- What the task requires
Look below for the line that contains "Child little girl" and the line that contains "Spying on lesbian", then restate both of them and every line in between, exactly. No picture goes in the copy.

- Recorded information
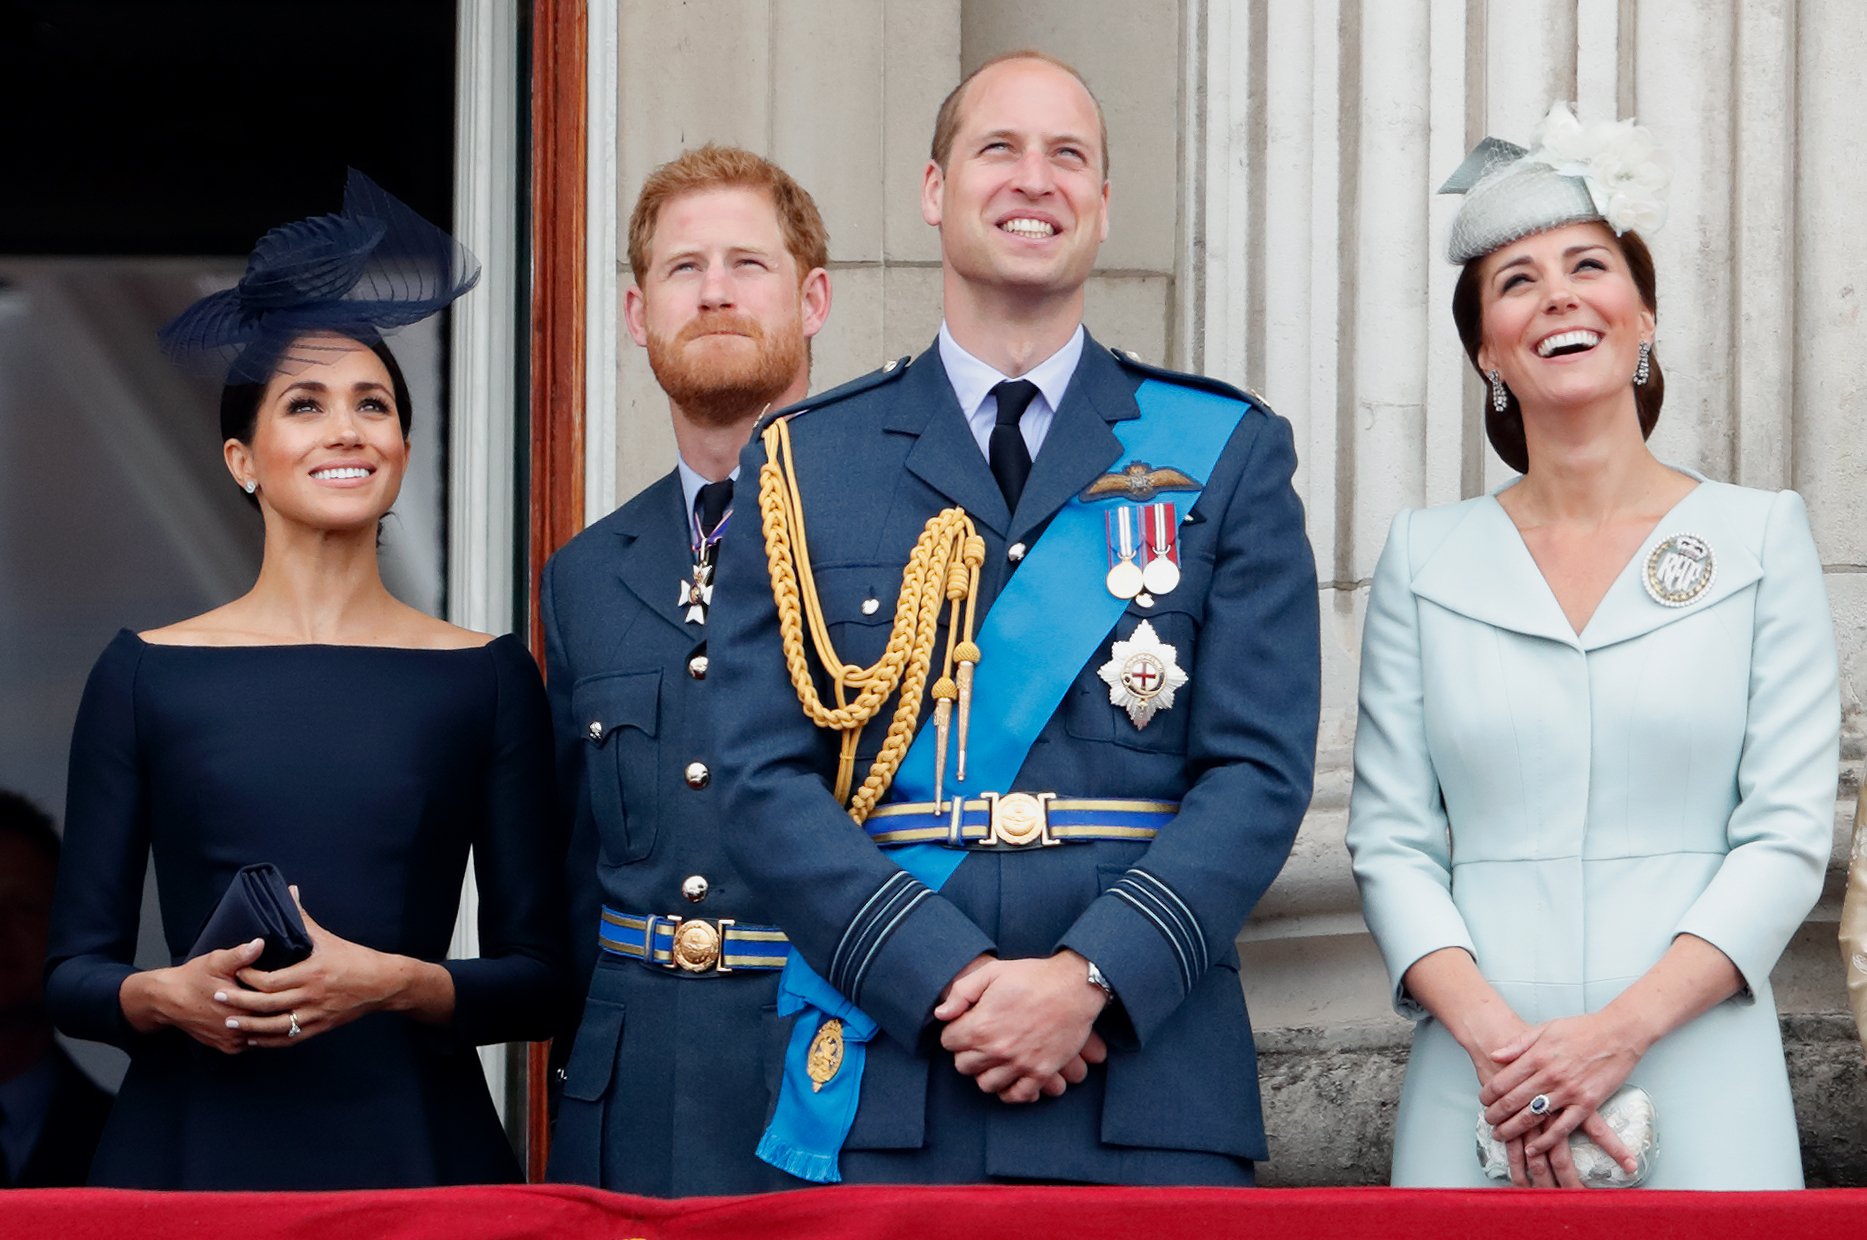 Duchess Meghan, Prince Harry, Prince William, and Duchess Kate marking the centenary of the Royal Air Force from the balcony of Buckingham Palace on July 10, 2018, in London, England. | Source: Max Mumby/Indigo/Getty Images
...
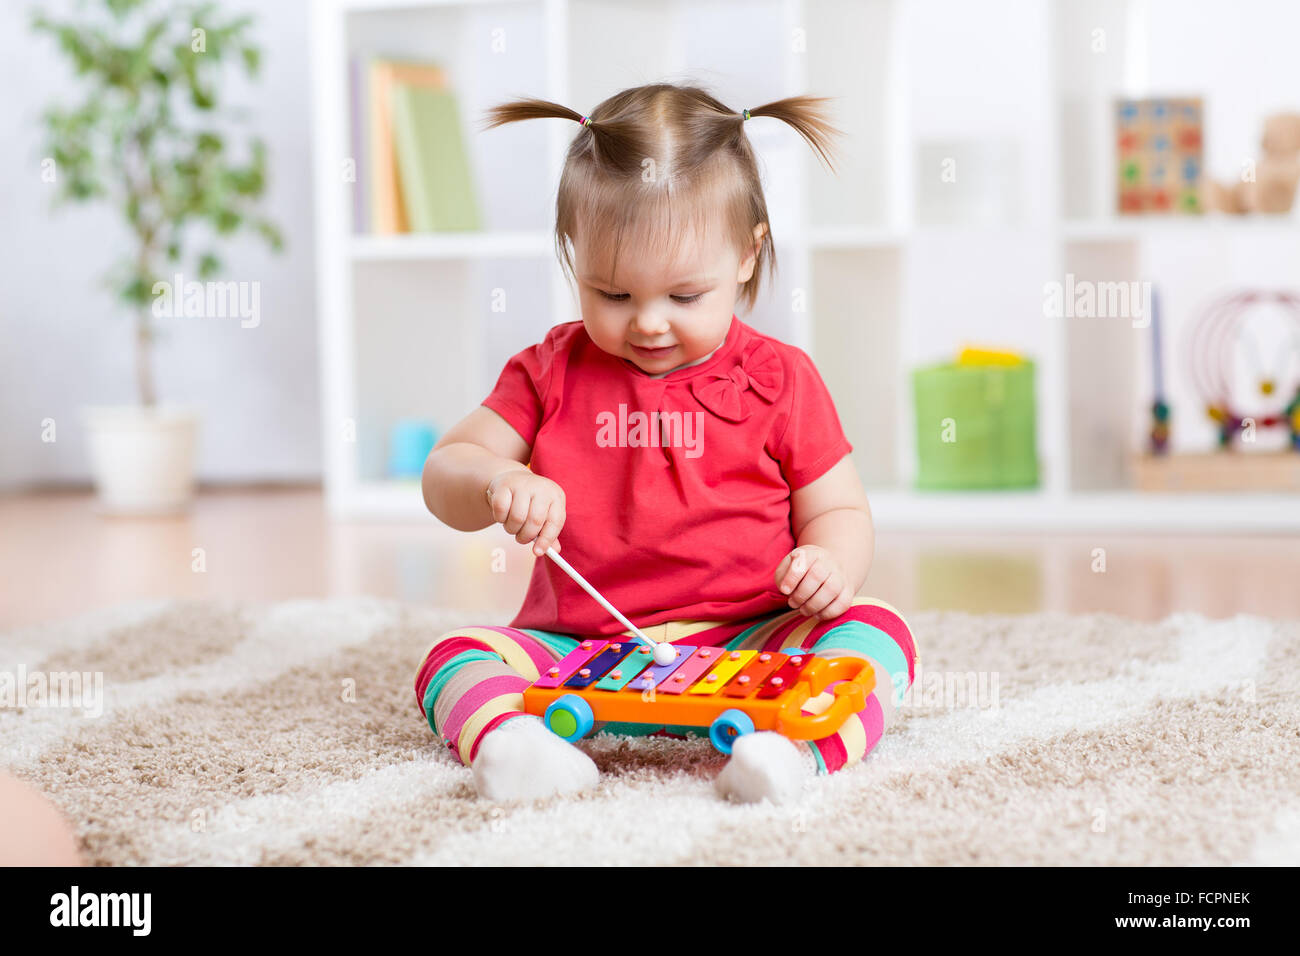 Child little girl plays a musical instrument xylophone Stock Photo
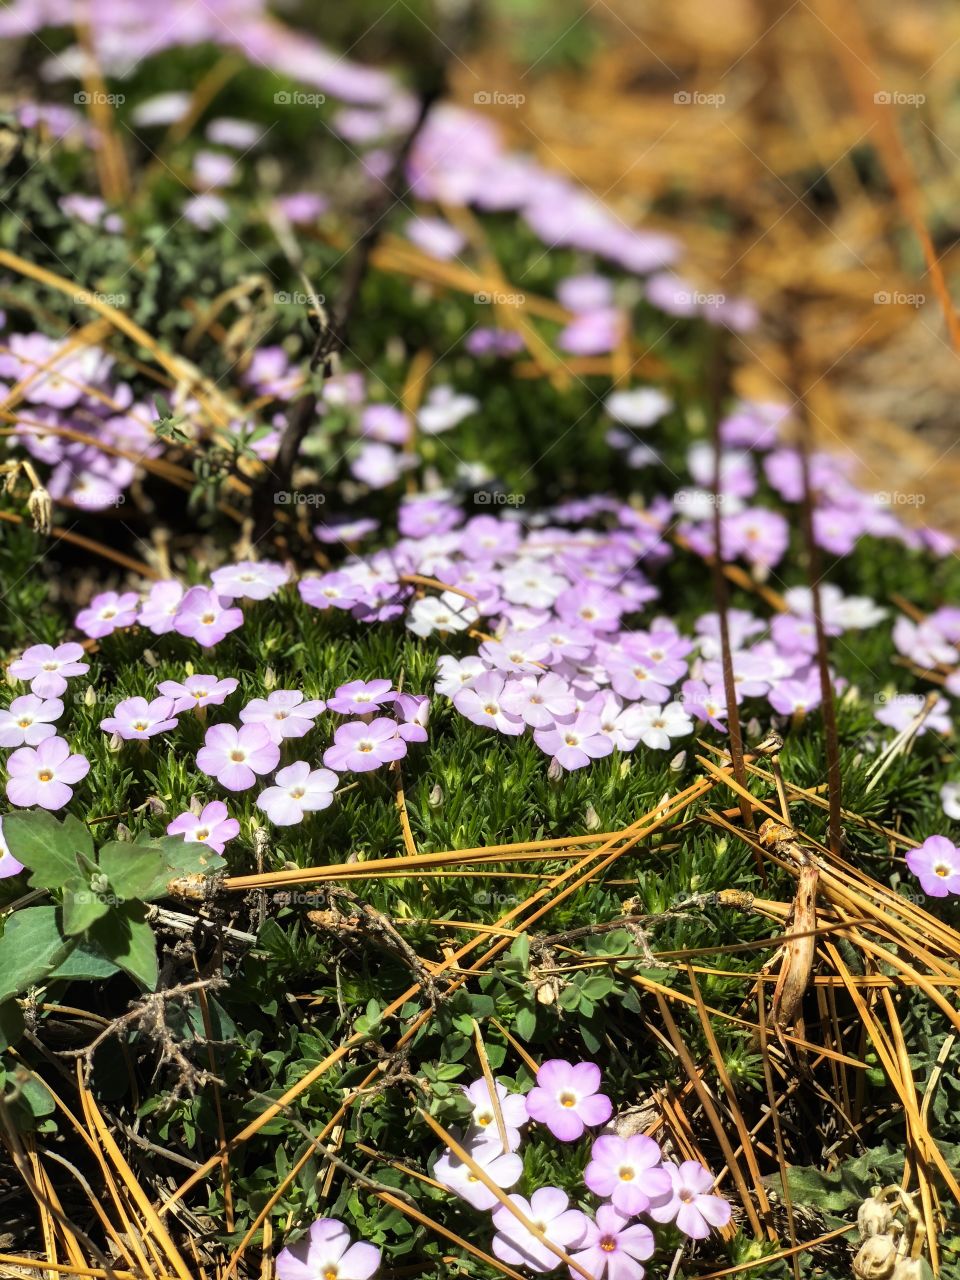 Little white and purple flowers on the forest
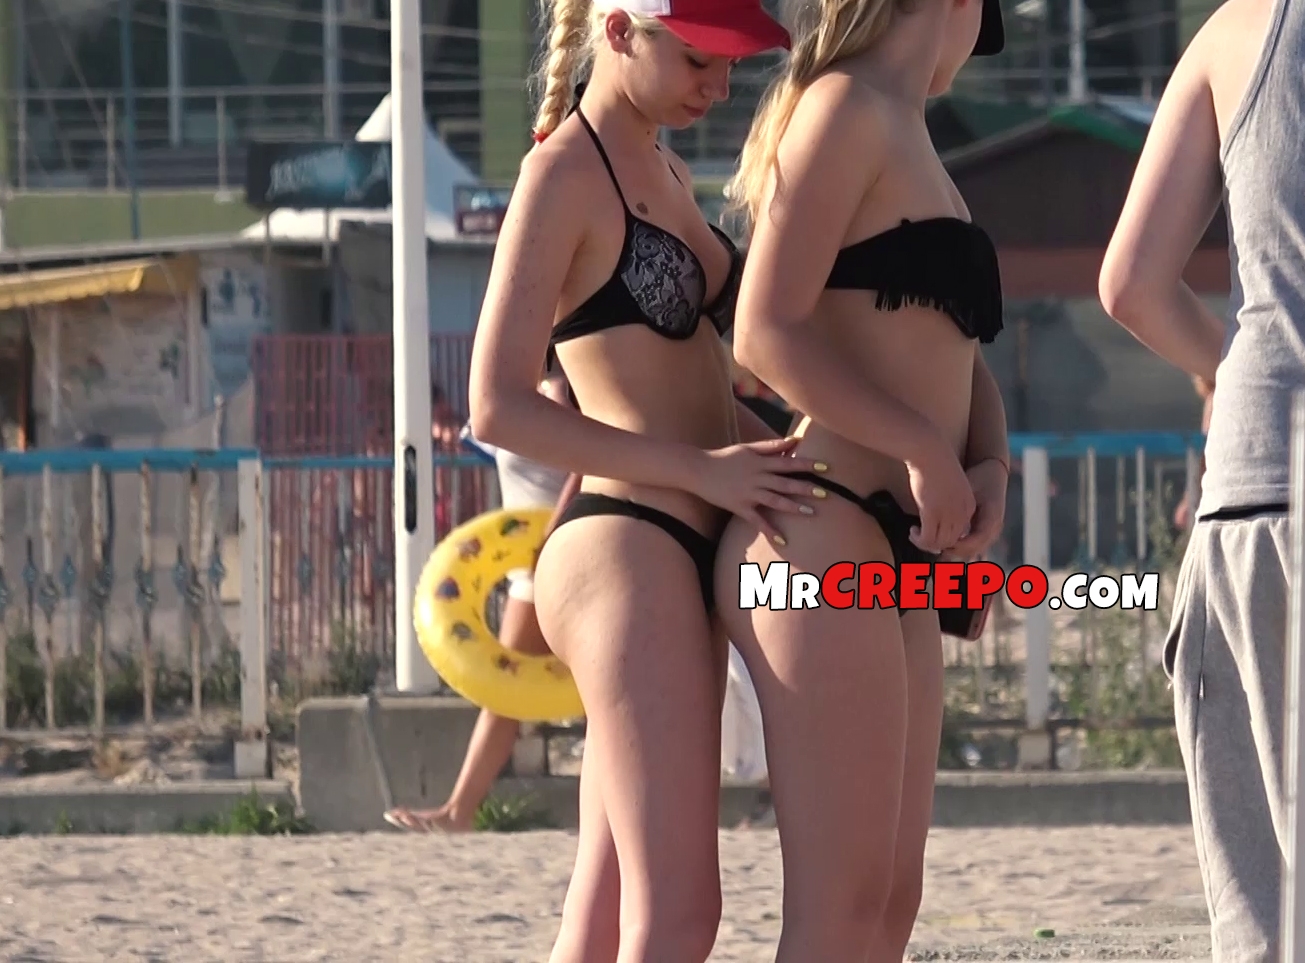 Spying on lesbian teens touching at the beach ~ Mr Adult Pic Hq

- Answer area
 Child little girl plays a musical instrument xylophone Stock Photo
 Little white and purple flowers on the forest
 Spying on lesbian teens touching at the beach ~ Mr Adult Pic Hq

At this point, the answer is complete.